Generally speaking, there isn't any; at least, no sort can be faster
than quicksort by more than a constant factor on a von Neumann
machine.  

Depending on what you're doing, it may be to your advantage to code a
custom sort for your particular application; qsort(), while `as fast
as possible' up to the constant factor, is still rather slow (you pay
for the generality with a subroutine call for every comparison, and
lots of pointer de-references).  A non-recursive implementation of
quicksort is probably the way to go; use care in selecting the pivot
element.  You may also find it advantageous to hand-optimize the
generated code.

If your lists are close to ordered already, you may do well to use one
of the sorts that can take advantage of the ordering; Shell-Metzner
sort is one of them.  Also, if you're adding items to an
already-sorted list, you do better to sort the additions and then
merge the two lists.

There are lots of applications that are sort-bound; good luck in
achieving a reasonable running time for yours.  Sorry that there isn't
any easy way from where you are already;  a good source for ideas will
be Volume 3 of Knuth.

| /         o            Kevin Kenny                             (217) 333-5821
|<  /) |  | | |/\        Department of Computer Science           o  ,    o  ,
| \ X_  \/  | | |        University of Illinois                 40 07 N 88 13 W
kenny@cs.uiuc.edu        1304 W. Springfield Ave.       
uunet!uiucdcs!kenny      Urbana, IL   61801                  AD ASTRA PER ARDUA
k-kenny@uiuc.edu
kenny%cs@uiucvmd.bitnet

mpl@cbnewsl.ATT.COM (michael.p.lindner) (06/29/89)

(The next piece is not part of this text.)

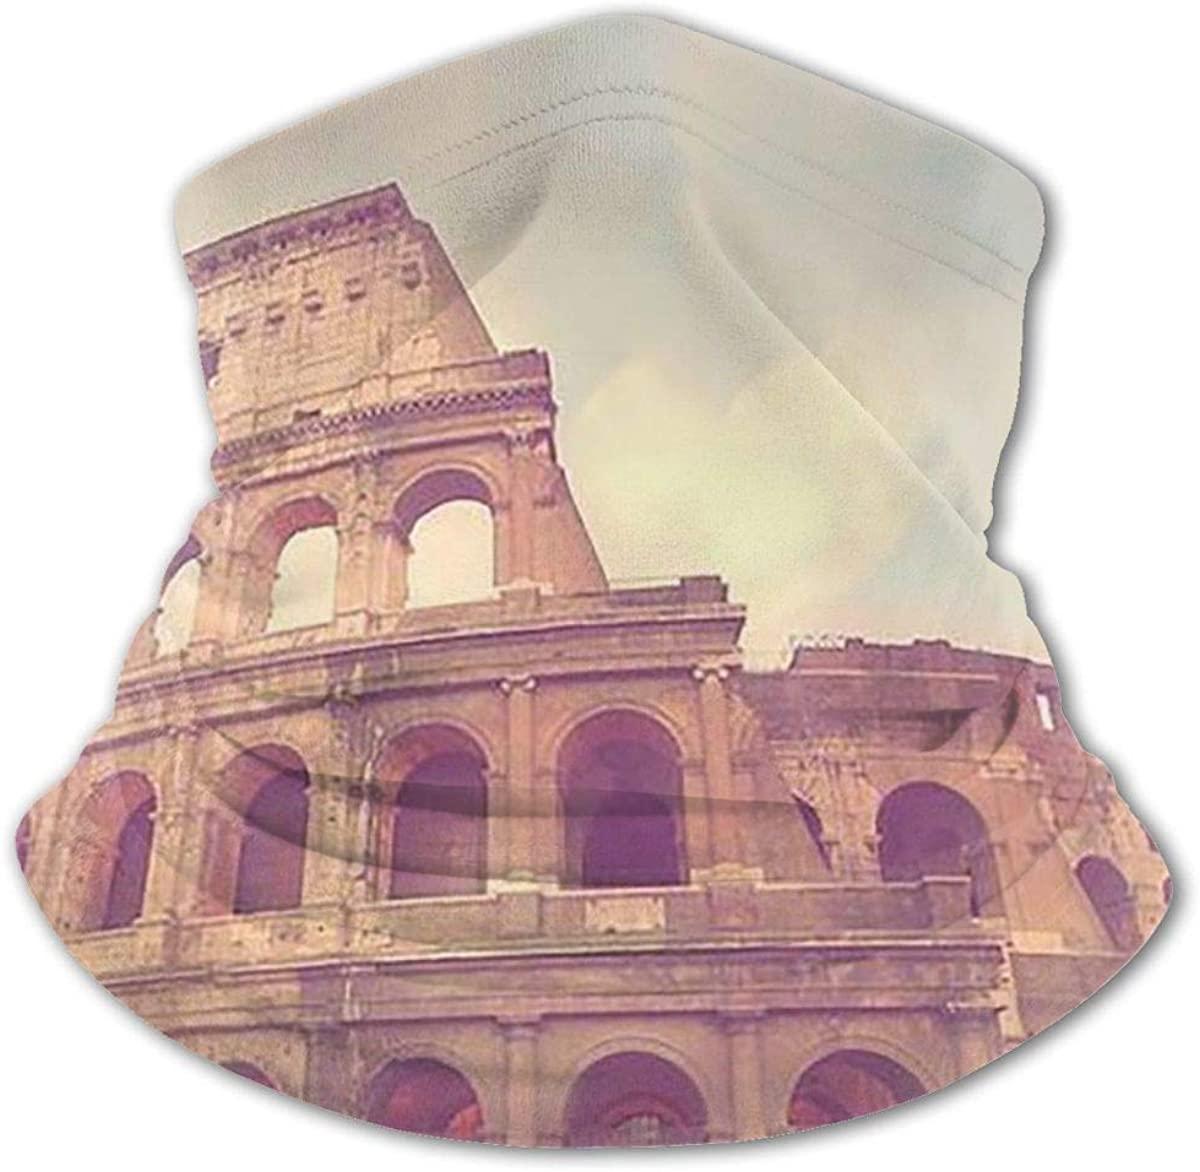 Roman Colosseum Headwear For Girls And Boys, Head Wrap, Neck Gaiter, Headband, Tenn Fishing Mask, Magic Scarf, Tube Mask, Face Bandana Mask For Camping Running Cycling

In article <4700040@m.cs.uiuc.edu>, kenny@m.cs.uiuc.edu writes:
> 
> Glenn Ford (uunet!ocsmd!stsim!glenn) writes:
> >Does anyone have a sort routine (in memory sort) faster than quicksort, of
> 
> Generally speaking, there isn't any; at least, no sort can be faster
> than quicksort by more than a constant factor on a von Neumann
> machine.  
	...

Of COURSE a sort can be faster than quicksort.  First of all, quicksort has
problems with data which is already close to being sorted.  There are sorts
which are consistently N log N no matter WHAT shape the data is in, such as
a merge sort.  Then there's the radix sort, which is N log (number of bits
in key).  Which sort is best depend on the data.  I refer Glenn to Donald E.
Knuth's book "Searching and Sorting," considered by many to be the definitive
sorting algorithm book.  If he's just looking for an implementation, well,
I have some, but I signed an intellectual property agreement with my
employer, so he'll need permission from Bell Labs to get it from me, but
I'm sure someone out there has a radix sort or some such that they'd share
with us.

Mike Lindner
attunix!mpl
AT&T Bell Laboratories
190 River Rd.
Summit, NJ 07901

henry@utzoo.uucp (Henry Spencer) (06/29/89)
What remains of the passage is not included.